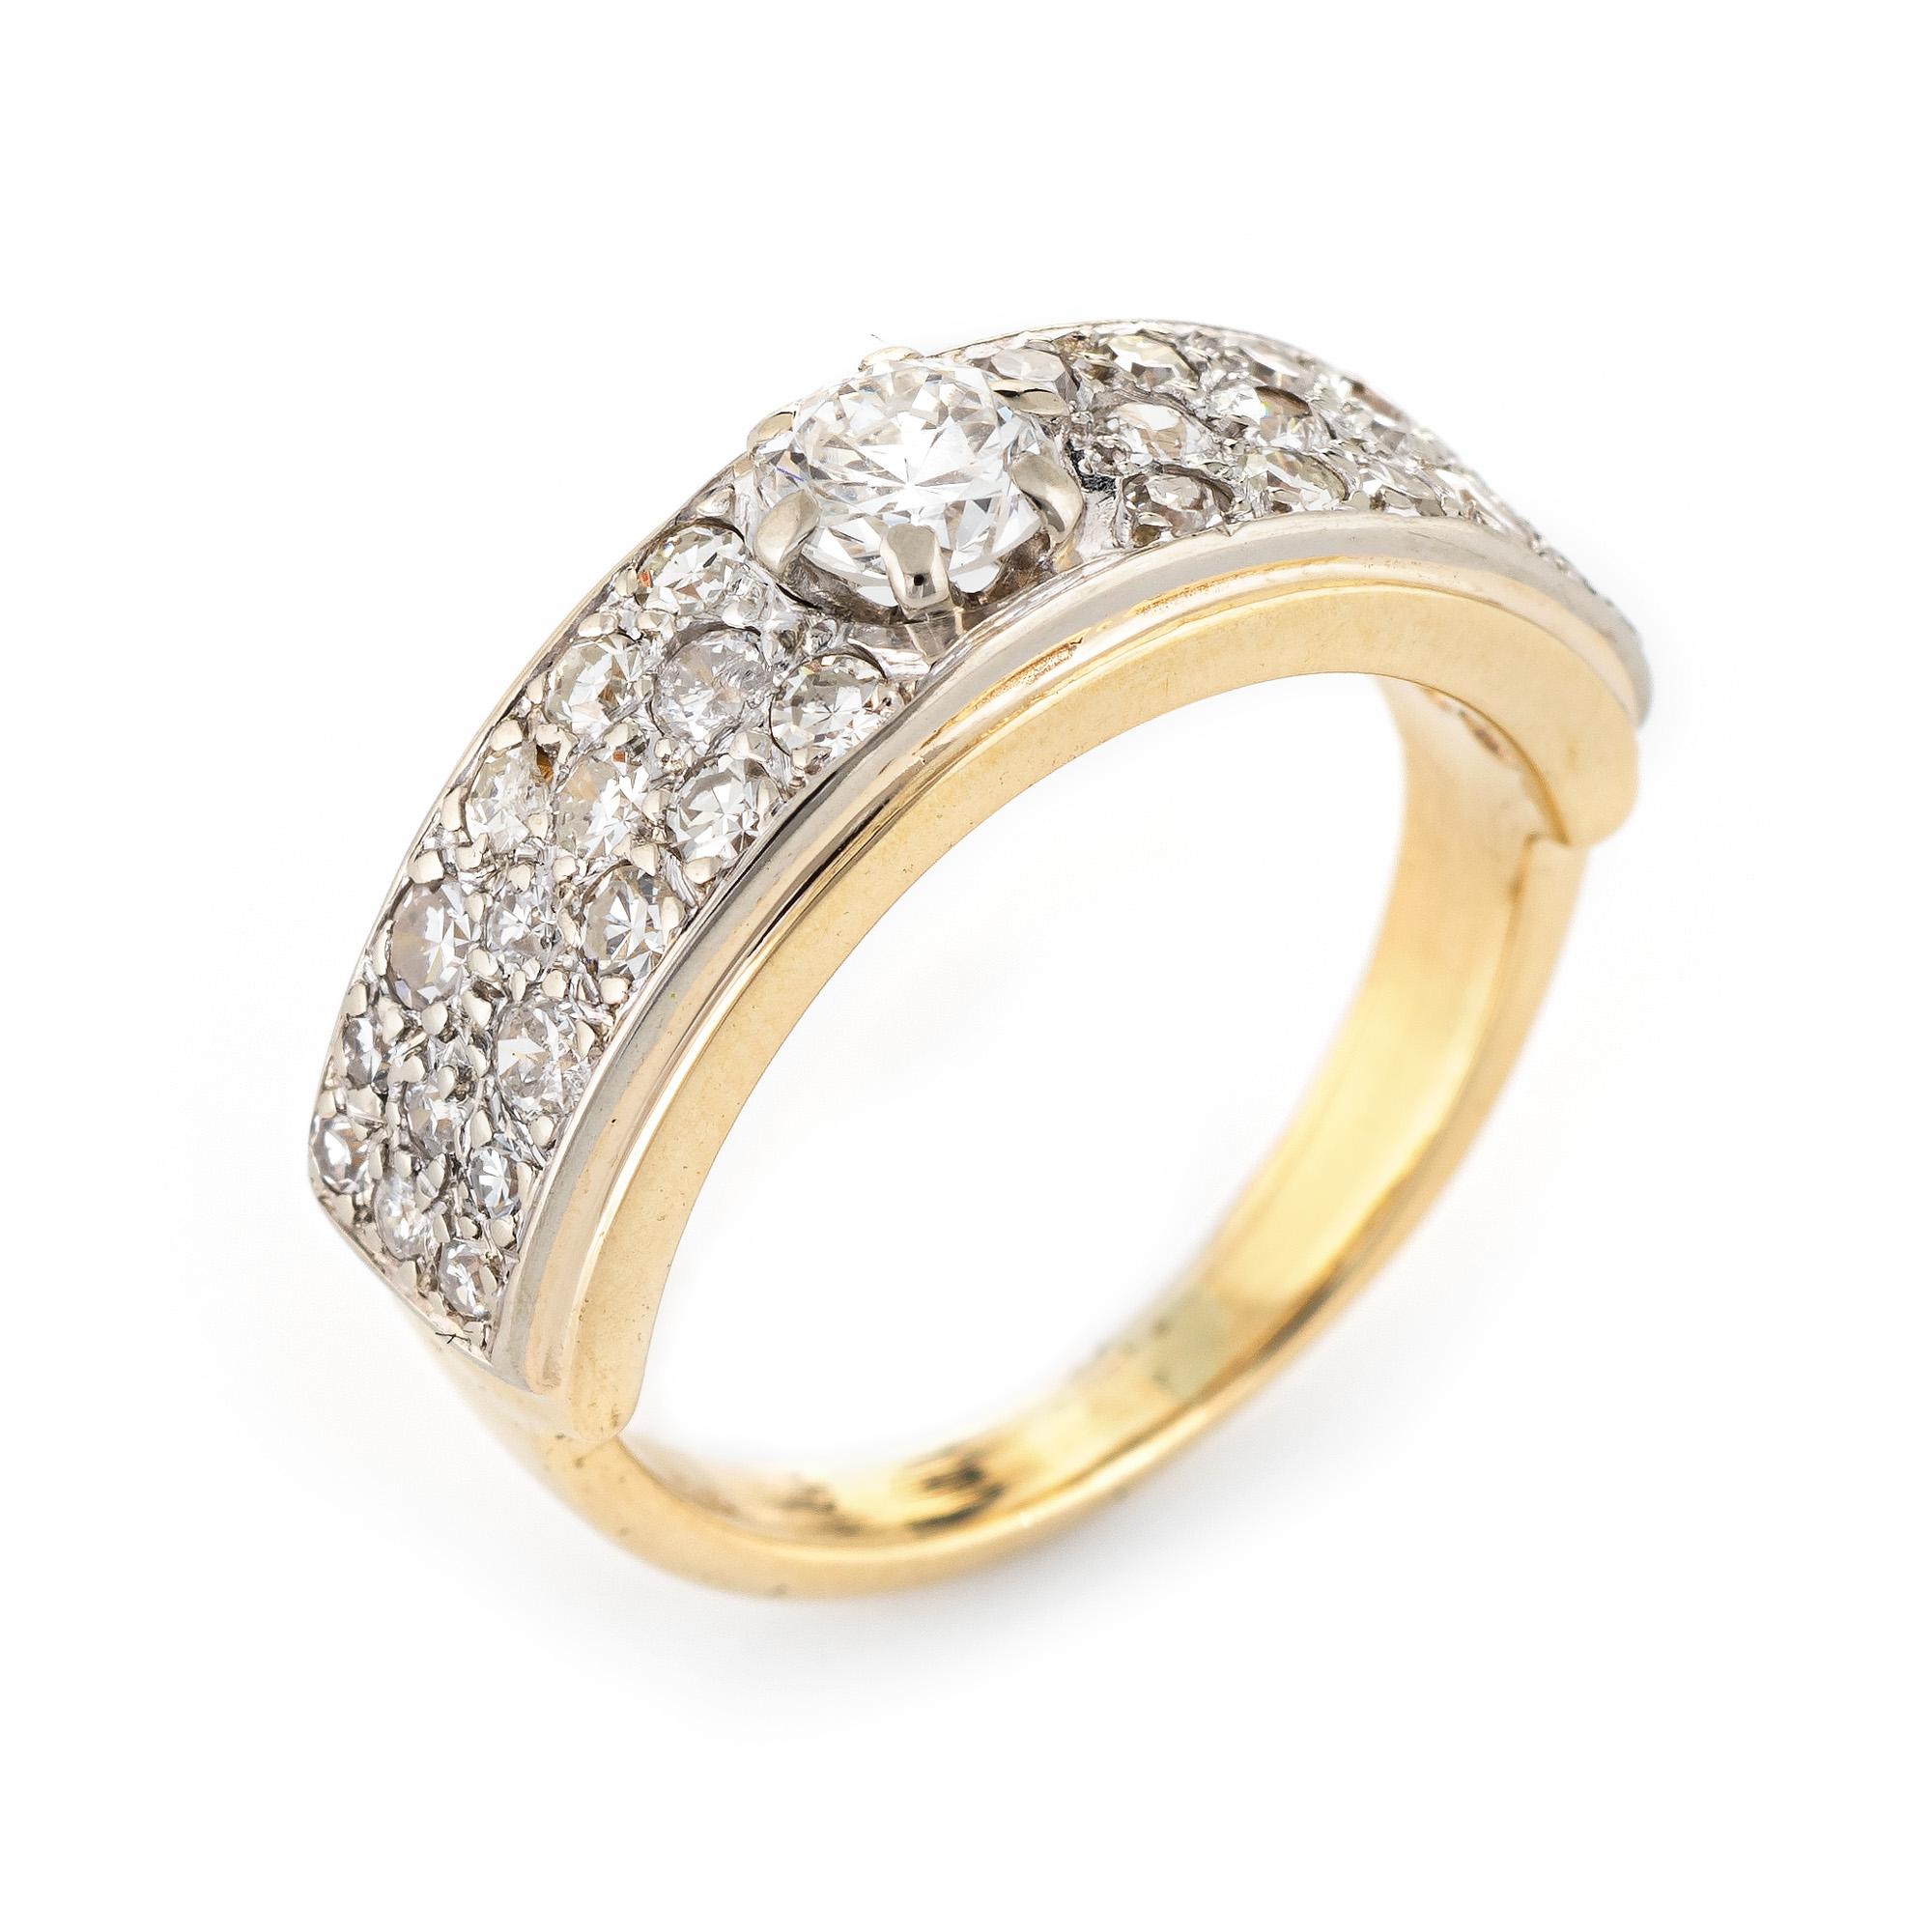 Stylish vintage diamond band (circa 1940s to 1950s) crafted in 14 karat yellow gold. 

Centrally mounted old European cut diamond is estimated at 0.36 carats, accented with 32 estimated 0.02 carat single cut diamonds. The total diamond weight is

————————

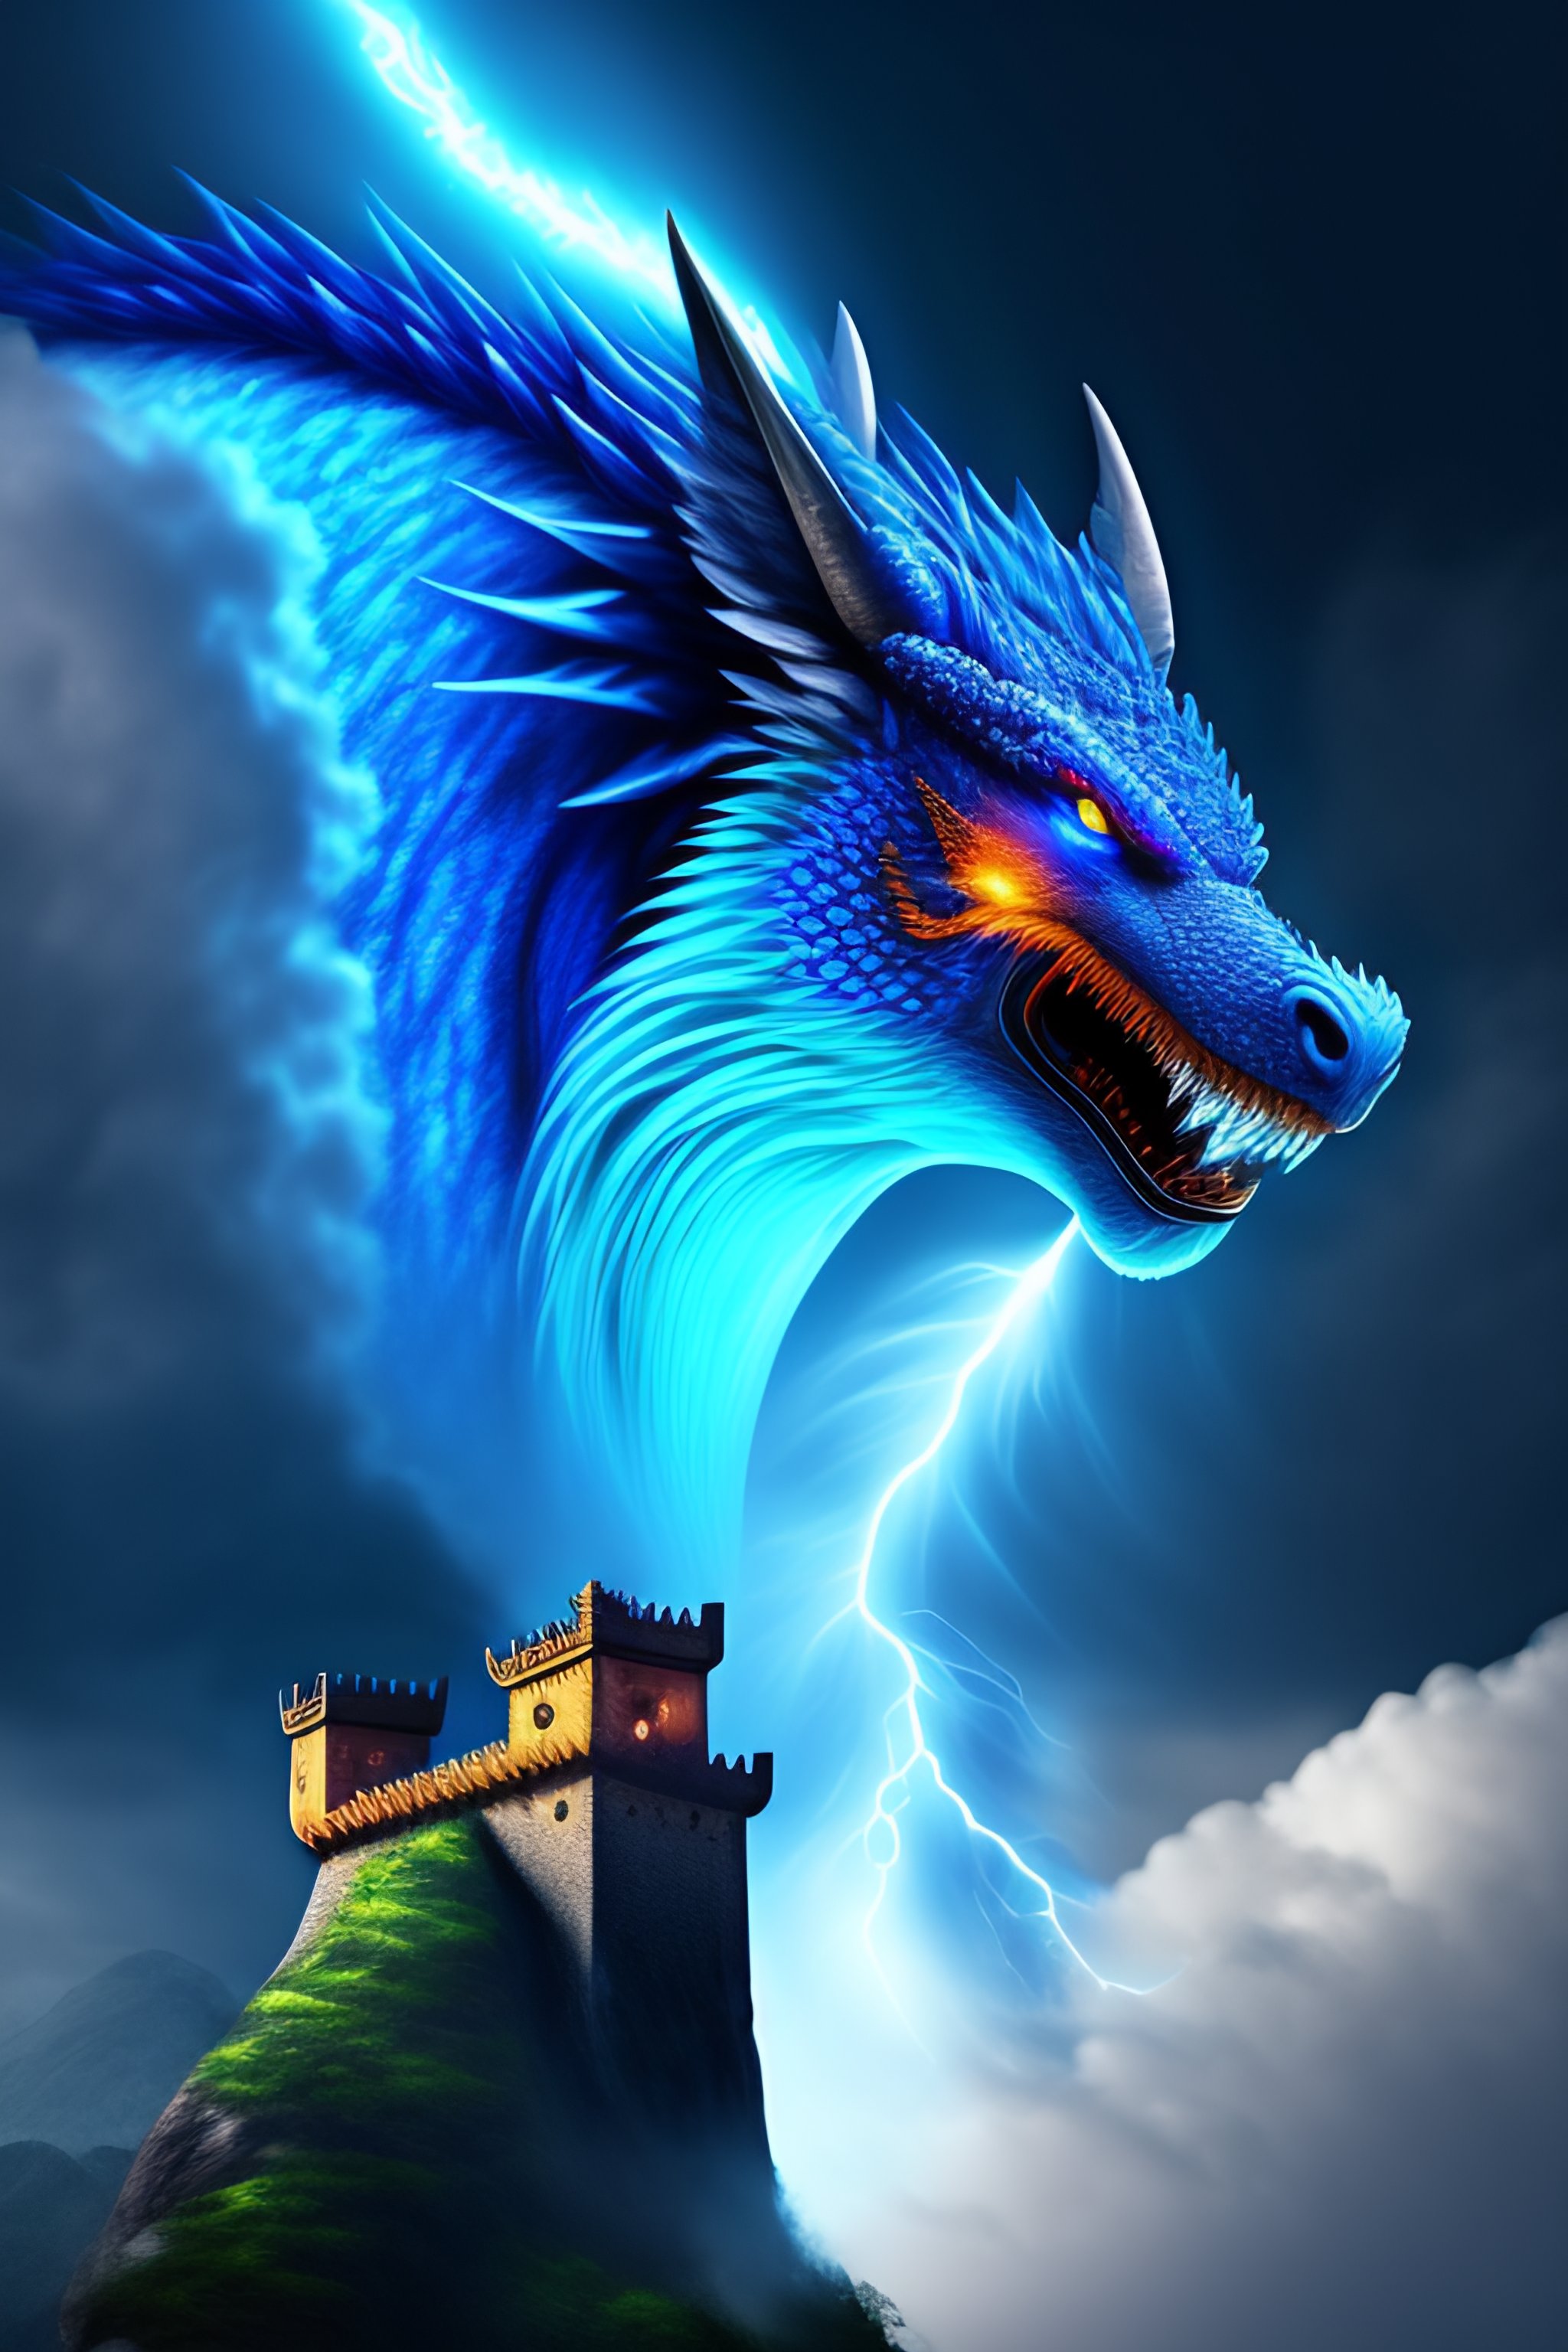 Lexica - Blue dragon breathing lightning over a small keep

————————

WHAT IS REQUIRED: Exercise for the records above: copy only the lines from the one with "Stylish vintage diamond" to the one with "Centrally mounted old", both ends kept, and drop the pictures.

FINISHED EXERCISE:
 Stylish vintage diamond band (circa 1940s to 1950s) crafted in 14 karat yellow gold. 

Centrally mounted old European cut diamond is estimated at 0.36 carats, accented with 32 estimated 0.02 carat single cut diamonds. The total diamond weight is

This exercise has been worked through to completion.